## EXERCISE DIRECTIONS
Print the lines below from the line with "Mergentheim" to the line with "Scheletro arto superiore" exactly, keeping both ends, and print no pictures.

## TASK MATERIAL

★ ★ ★ ★ ★

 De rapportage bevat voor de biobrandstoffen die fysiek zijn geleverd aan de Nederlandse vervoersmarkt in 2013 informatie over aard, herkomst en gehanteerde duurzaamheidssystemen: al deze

★ ★ ★ ★ ★

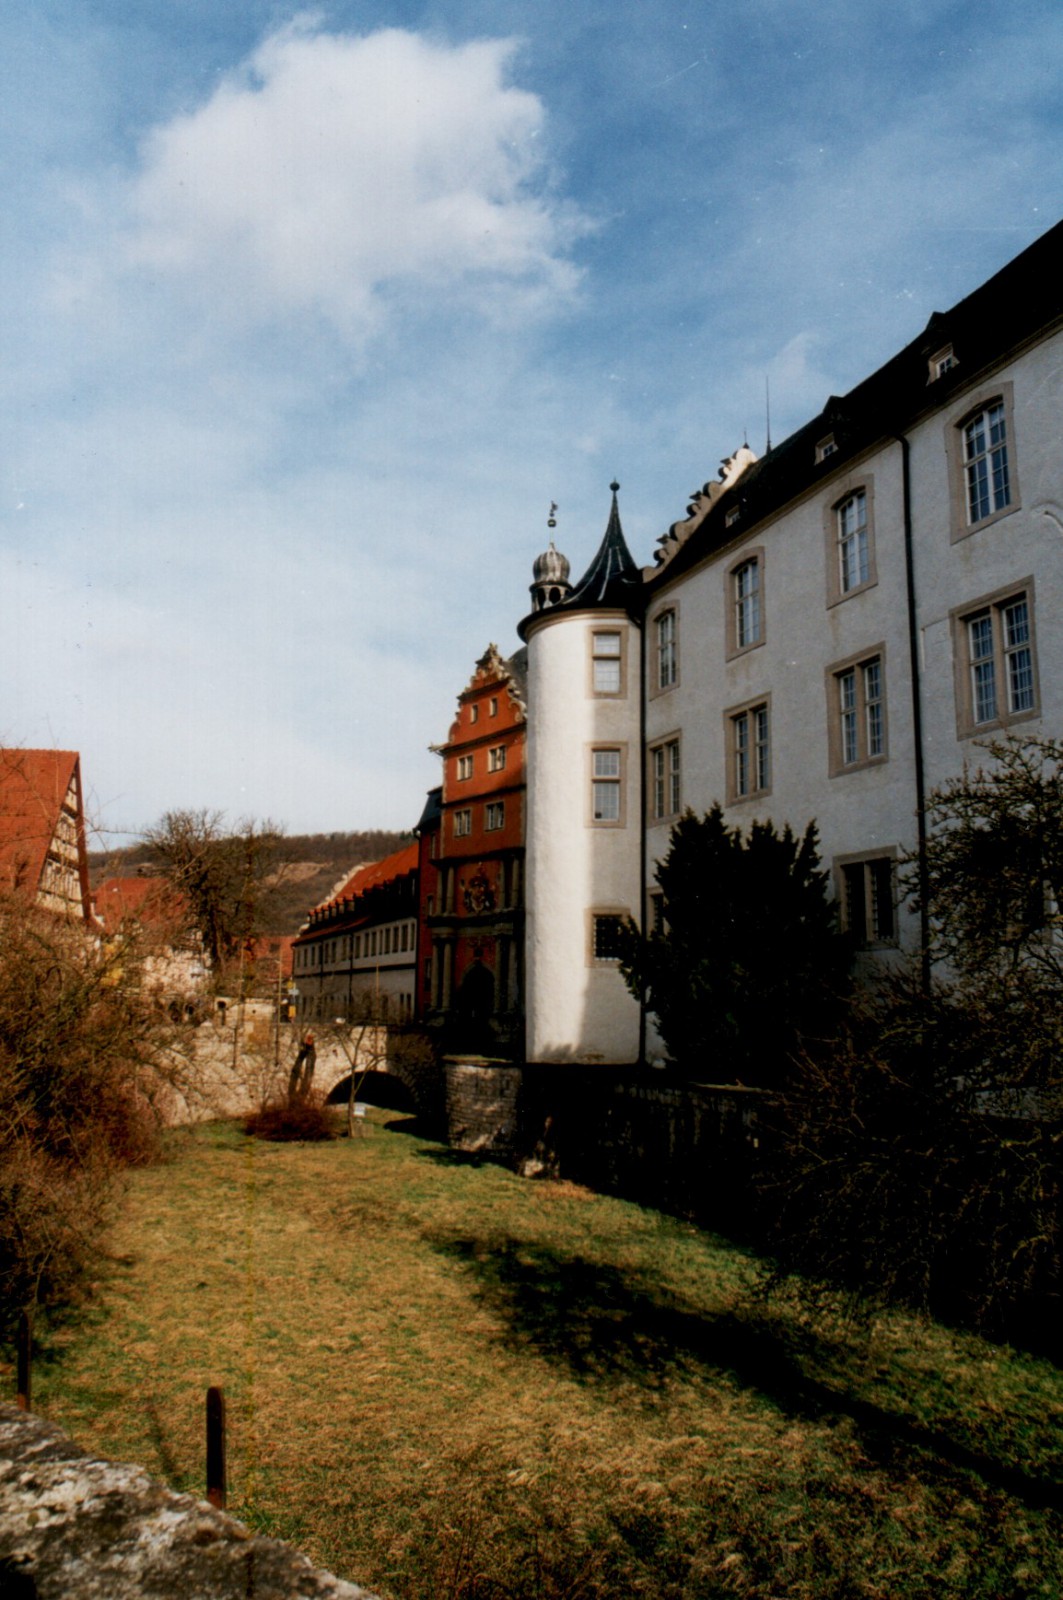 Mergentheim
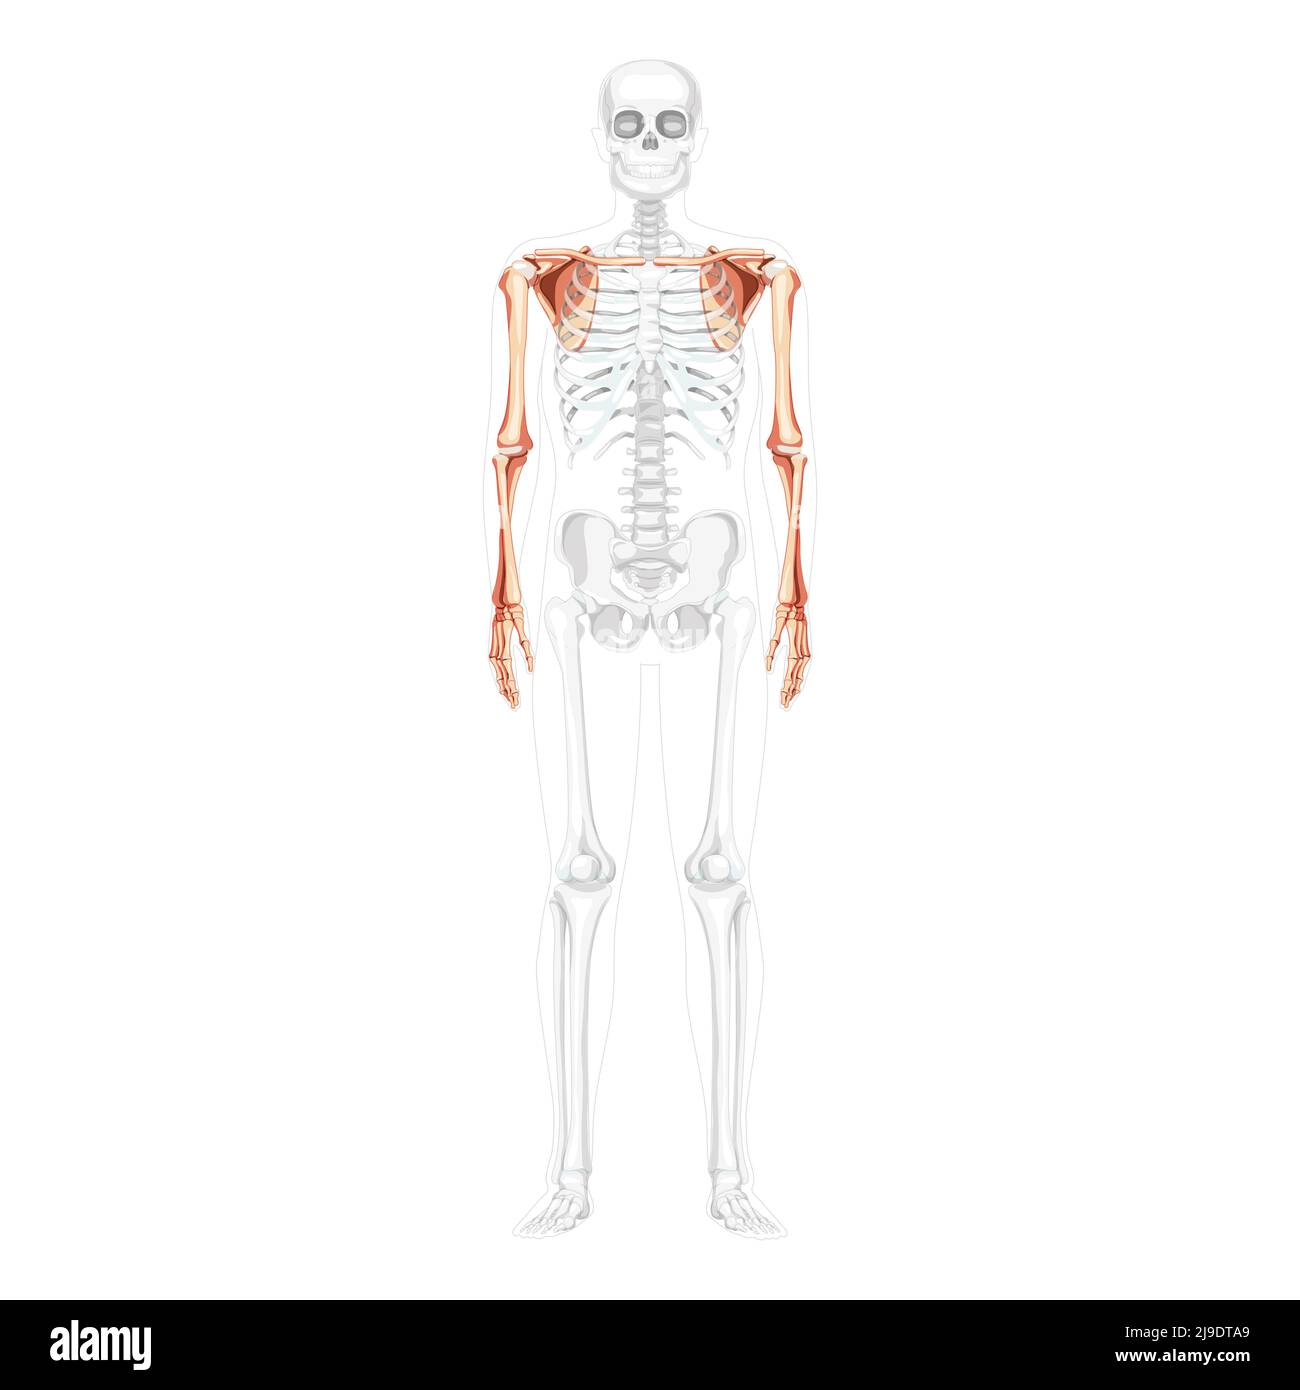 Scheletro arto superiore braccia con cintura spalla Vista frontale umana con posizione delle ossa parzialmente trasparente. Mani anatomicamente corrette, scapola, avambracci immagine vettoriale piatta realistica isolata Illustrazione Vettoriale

★ ★ ★ ★ ★

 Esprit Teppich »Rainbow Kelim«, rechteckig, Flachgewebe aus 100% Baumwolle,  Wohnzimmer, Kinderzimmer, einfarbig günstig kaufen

★ ★ ★ ★ ★

## EXERCISE OUTPUT
 Mergentheim
 Scheletro arto superiore braccia con cintura spalla Vista frontale umana con posizione delle ossa parzialmente trasparente. Mani anatomicamente corrette, scapola, avambracci immagine vettoriale piatta realistica isolata Illustrazione Vettoriale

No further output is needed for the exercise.